The impact extends beyond healthcare systems. Tourism-dependent economies are highly vulnerable to lost revenue due to higher disease incidence. As seen during the 2015–2016 Zika epidemic, Latin America and the Caribbean lost an estimated US $7-18 billion in tourism revenue per a United Nations Development Programme report.
Studies in African farming communities report substantial productivity losses; households may lose nearly 28% of their seasonal income due to malaria, and crop yields are consistently lower when malaria incidence is high.

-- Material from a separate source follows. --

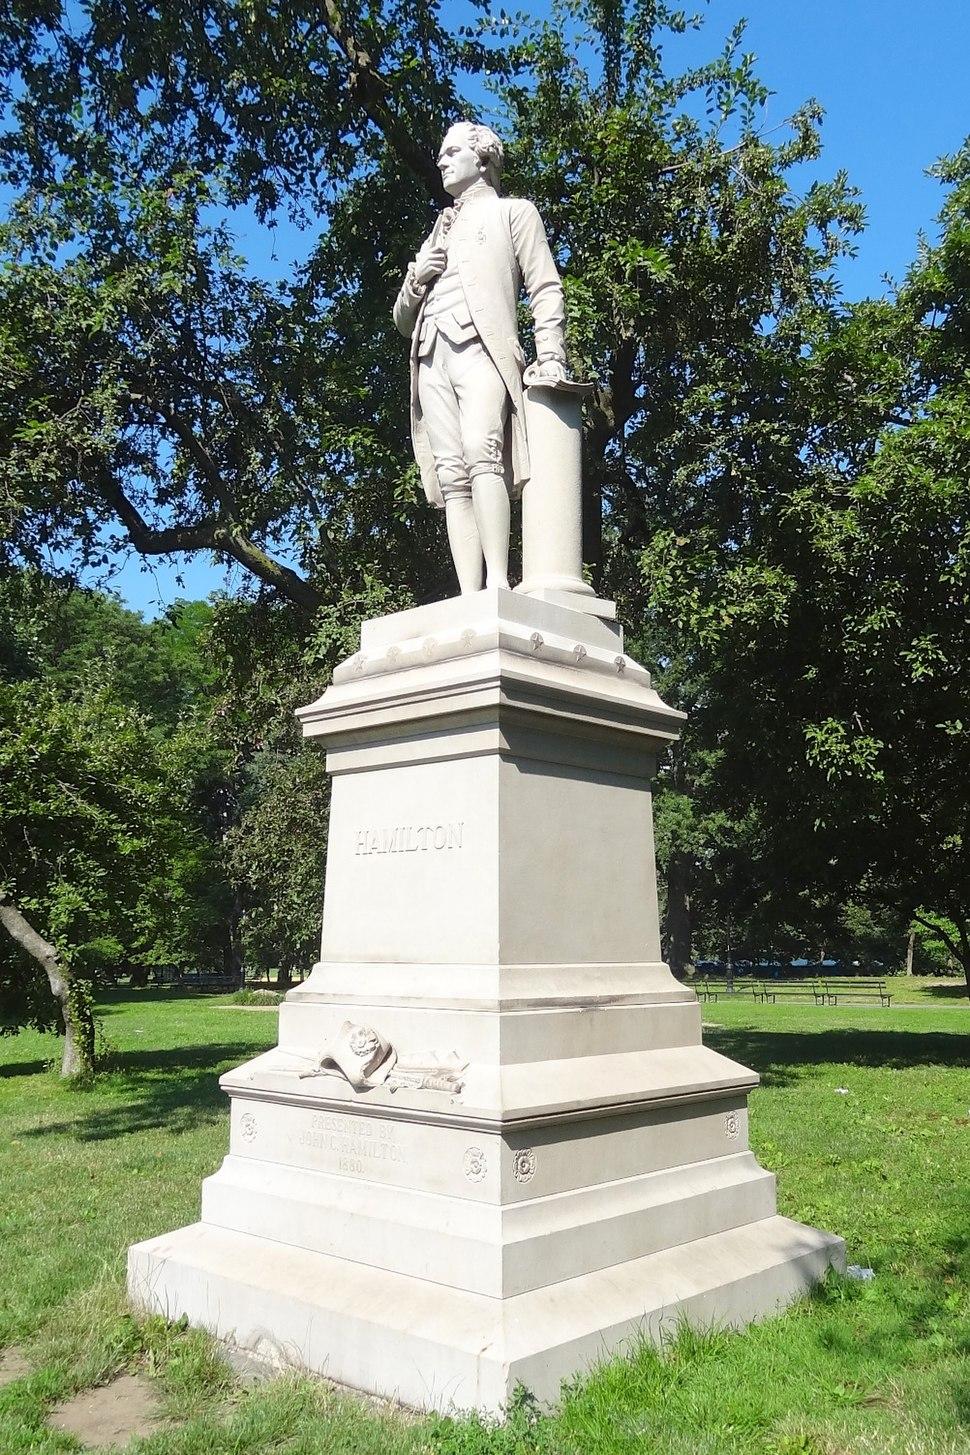 Alexander Hamilton by Conrads, Central Park, NYC - 02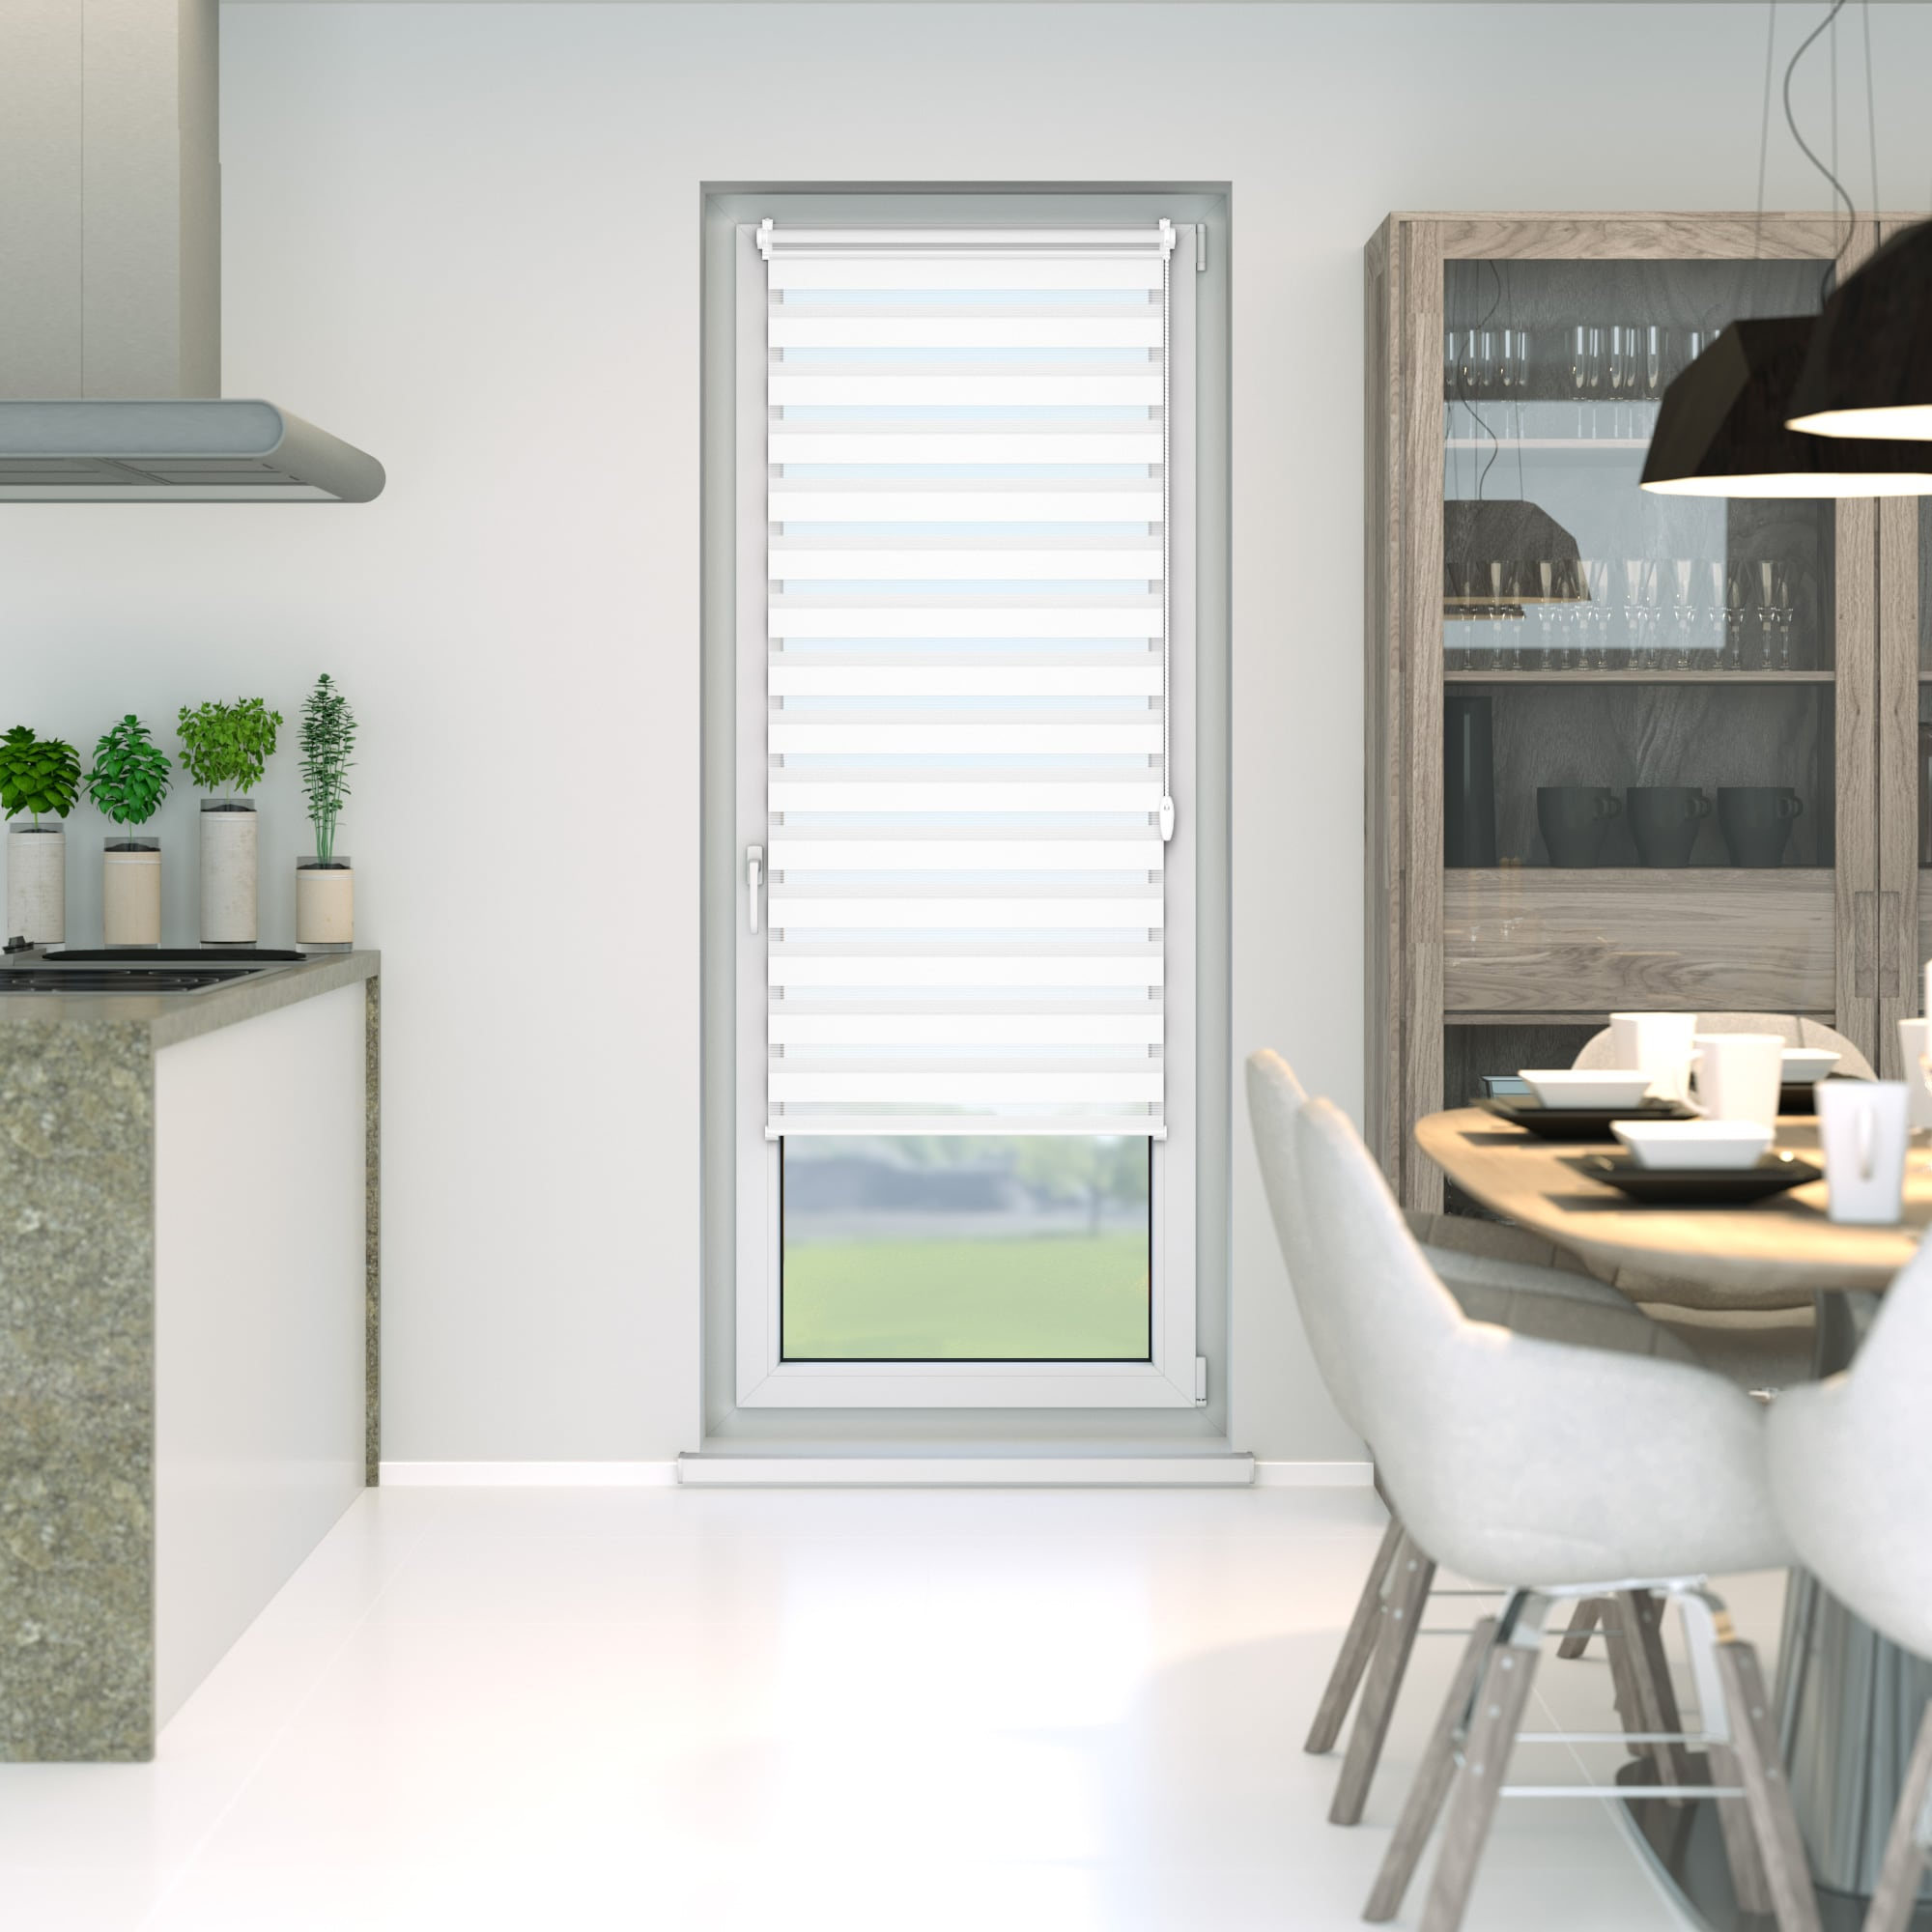 store enrouleur double stores jour nuit fen tre porte. Black Bedroom Furniture Sets. Home Design Ideas

This data highlights the importance of prevention when confronting vector-borne diseases. Economic analyses consistently show that preventive systems yield far greater returns than reactive outbreak response. Climate‑informed early‑warning systems for vector‑borne diseases have substantially enhanced the timeliness and effectiveness of public‑health interventions, reducing the scale, severity, and associated costs of outbreaks by enabling earlier action. Likewise, economic evaluation frameworks indicate that responses triggered by early‑warning intelligence provide positive net benefits for health systems, reiterating their value as cost‑effective tools for outbreak preparedness.
Investment in preventive systems could therefore drive extensive economic growth in the regions most affected by vector-borne diseases today, and they could avoid economic shocks in areas where these insects and the diseases they carry will move to as climate change continues.
Future directions: Adaptive strategies and research priorities
Climate-driven vector-borne disease risks demand integrated, forward-looking strategies that combine surveillance, prevention, and resilient health systems. Preparing for multiple climate scenarios is critical, as moderate warming (+2 °C) may expand vectors into temperate zones, while extreme warming (+4 °C) could reshape disease dynamics entirely.
Key priorities for public health systems include AI-powered early warning systems integrating climate and health data; climate-adapted vector control through integrated vector management; novel tools like gene-drive mosquitoes; accelerated development and deployment of vaccines, therapeutics, and diagnostics; and building climate-resilient health systems with strong supply chains and digital decision support. Digital decision support includes dashboards, predictive analytics platforms, and automated alerts that help health authorities interpret surveillance and climate information in real time and guide timely, evidence-based public‑health responses.
Policy frameworks must embed climate-driven health planning in national adaptation strategies and strengthen global cooperation. Research should focus on vector-pathogen-climate interactions, predictive modeling under diverse scenarios, evaluation of genetic and biocontrol technologies with robust safety and ethics, and social dimensions such as community engagement and equitable implementation.
The unpredictability of climate impacts on insects, their life cycles, and the pathogens they carry make these developments challenging, but the severity of vector-borne diseases and their economic impacts demand action.